A perspectiva teórico-metodológica adotada se fundamenta na fenomenologia existencial Heideggeriana11 (detendo-nos aos conceitos existenciais de Dasein “ser-aí”: ser-no-mundo; ser-com-outro e ser-para-a-morte) para aproximar dos significados e sentidos pessoais da vivência das mães com o luto materno, compreendendo as suas intenções frente à alimentação e considerando como esse processo é vivido por elas, em seu estar-no-mundo para elas. Neste estudo, o Dasein indica o modo de ser presente da mãe na alimentação diante do luto materno, buscando-se problematizar os sentidos que as mães atribuíram a suas experiências vividas com o enlutamento delas, e em como esta vivência se constrói nas práticas alimentares em função do contexto das relações com outros filhos, cônjuge ou outros entes. Desta maneira, as concepções das mães sobre o maternar12 e a compreensão da relação entre mãe e filho foram observações ponderadas para se articular melhor o contexto em que a vivência do luto materno se insere na alimentação. Igualmente, o conceito de espaço social alimentar13 na dimensão do espaço do culinário - contemplando, especificamente, o ambiente onde se realizam as operações culinárias e as inter-relações entre os comensais - orientou a análise da relação das enlutadas com a alimentação.

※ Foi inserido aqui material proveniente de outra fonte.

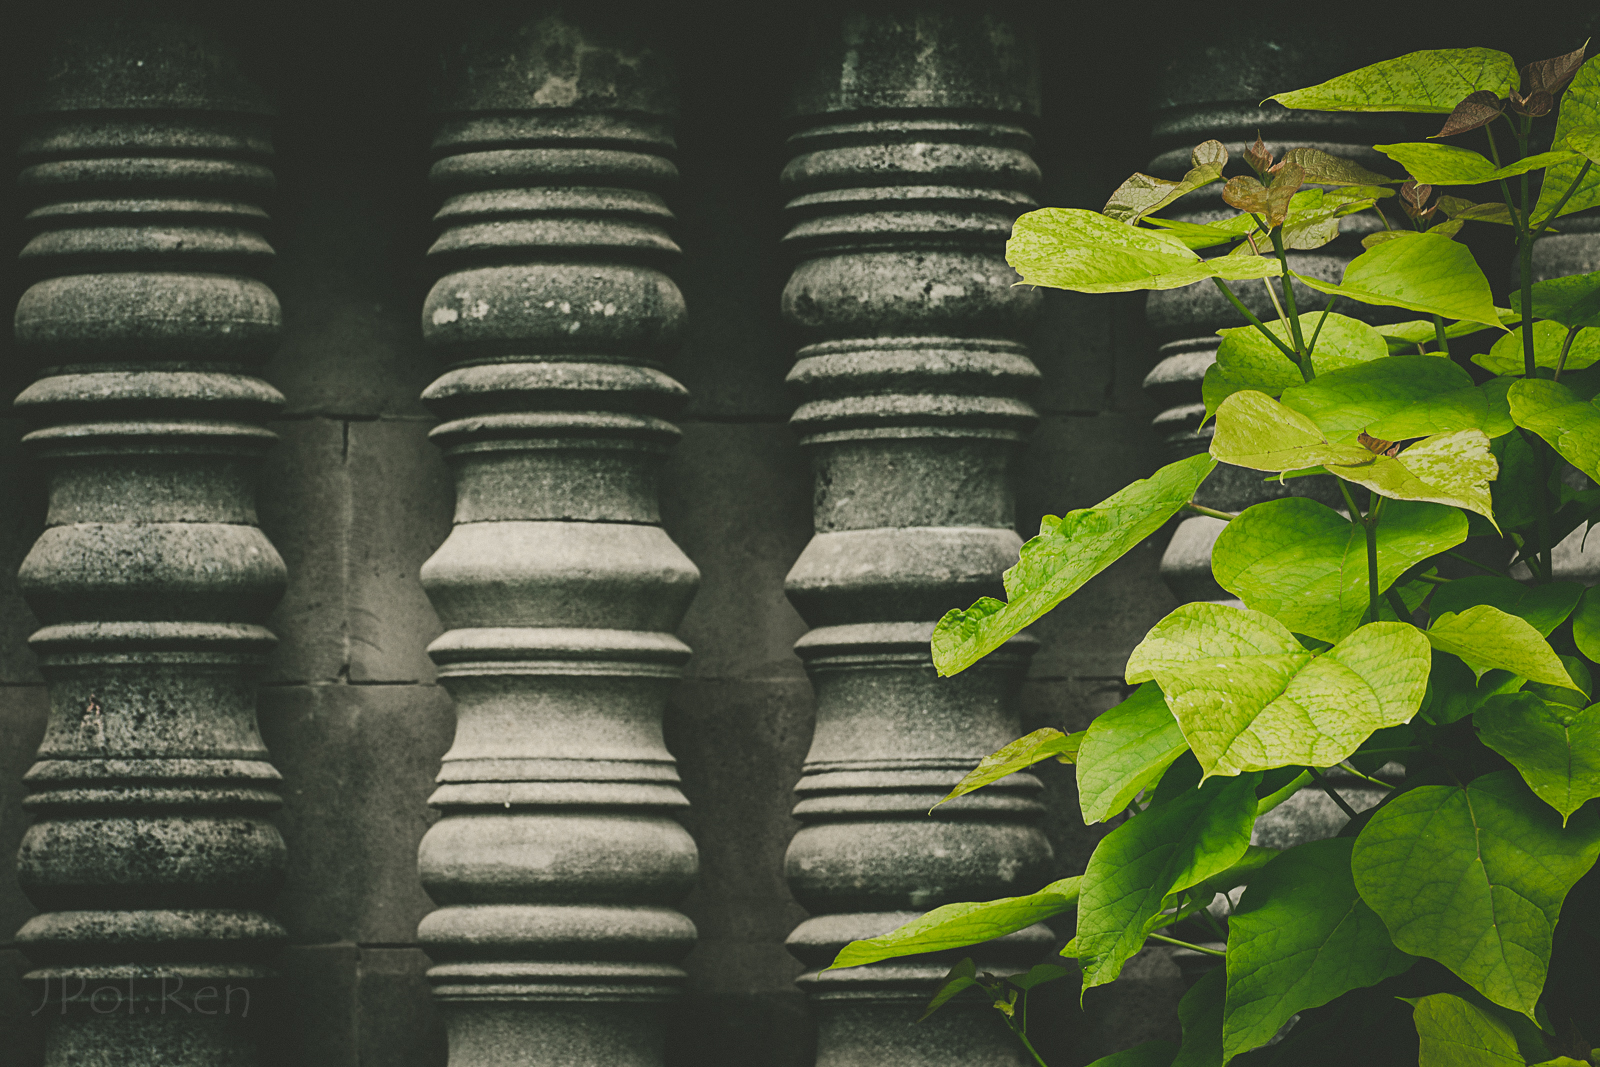 Sortie Pairi Daisa - 18/06/16 - Photos de paysages 498393FF18par0605

O critério para o recrutamento das participantes foi ter vivenciado a perda de filho e frequentar Organizações Não Governamentais de apoio ao luto, sem vínculo religioso. Esta estratégia foi utilizada por favorecer chances de captação e adesão ao estudo; embora, nem todas as mães tenham aderido ao estudo por receio de remeter a fatos e emoções advindas dessa rememoração, especialmente aquelas no primeiro ano de luto. A definição da amostra deu-se pela constatação da saturação teórica14 - critério que interrompeu a captação de novas componentes, totalizando 15 mães. As mulheres que fizeram parte do estudo são provenientes de ONGs de Belo Horizonte e da Zona da Mata Mineira.
As entrevistas só foram feitas quando autorizadas e indicado o dia e o horário mais adequado, procurando realizá-las nas residências das mães e, especificamente, no ambiente de refeições. Por este ambiente ser o local dos atos, concomitante às narrativas, as mães descreveram, com mais propriedade, suas reações. As mães foram motivadas a falar a partir de questões abertas norteadoras que esclarecessem aspectos da ingestão e das atitudes alimentares após a morte de um filho. Observando as reações, registrando relatos e minimizando constrangimentos, foi possível aprofundar nas questões alimentares. As questões temáticas que subsidiaram este estudo foram: alterações na alimentação; mudanças nas atitudes vinculadas ao ato de alimentar-se; descrição das sensações de sede, fome, apetite e saciação; sentimentos e emoções vivenciados no ambiente de refeições; identificação de alimentos que simbolizam a memória do(a) filho(a); ausência do(a) filho(a) no momento das refeições; identificação de alterações das atitudes alimentares do início do luto para o atual momento. A entrevista foi norteada com a seguinte pergunta: Como foi para você lidar com a alimentação e a perda do(a) seu(sua) filho(a)? Concebendo que intervenções em entrevistas não diretivas devem apenas sugerir a temática15, assuntos não mencionados espontaneamente foram inseridos conforme explicitado: fale-me sobre a sua alimentação, após a morte do(a) seu(sua) filho(a); conte-me sobre suas atitudes frente às refeições; fale-me sobre os alimentos ou as preparações preferidas do(a) filho(a) falecido(a) - o que, em sua opinião, seria relevante eu ter o conhecimento.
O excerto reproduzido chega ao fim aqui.